While working collaboratively with the federal government and recognizing that medical cannabis falls squarely under federal authority, I would exercise British Columbia’s constitutional right to regulate trade and industry within the province. That means exerting greater influence over the larger recreational cannabis industry, and making sure it works for British Columbians. We need to give unregulated growers rational reasons to migrate into the regulated marketplace - for example streamlined licensing, transition supports, farm gate sales, and direct sales to regulated retailers.
I would be unafraid to use common sense economics - including tax policies like the 20% vape tax on cannabis - to close the price gap and set the right incentives for both buyers and suppliers to rationally choose the regulated market. The 2020 BC Liberal platform excluded even medical cannabis from an across-the-board PST cut; I would not have done that.

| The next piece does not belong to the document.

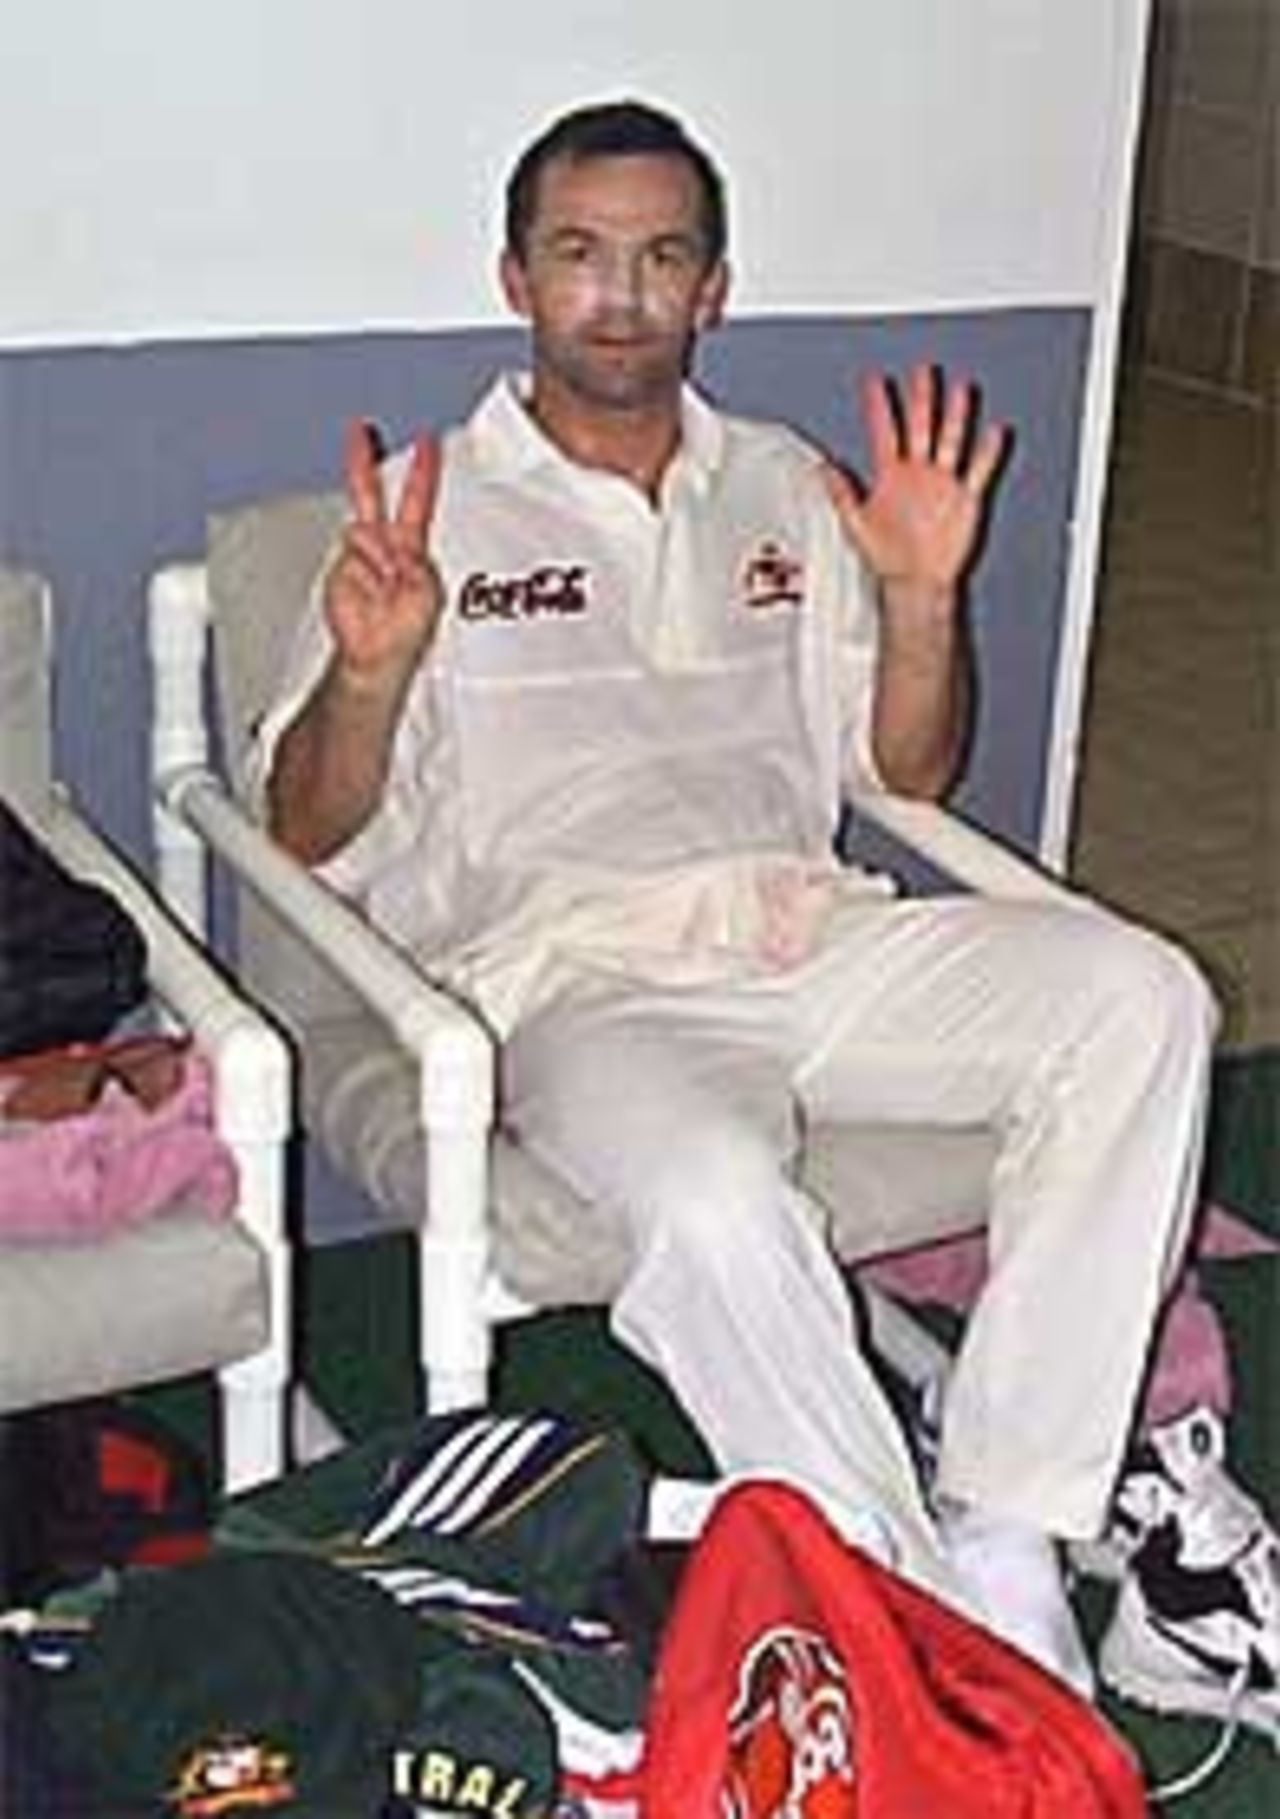 Adam Dale rests after his 7 wickets against the West Indies Board XI in Antigua. February 1999.

In the long run, closing the price gap and shifting market share to the regulated market will mean more jobs, a larger tax base, more tax revenues (which should be properly shared with municipalities to cover their costs), and less people buying unregulated and potentially unsafe products.
Cannabis has been and will continue to be a massive private sector industry in BC, whether people like it or not. We need to use common sense to finish bringing it into the light so that people are safe, there are more opportunities for entrepreneurs, and governments rather than gangs collect the tax revenues.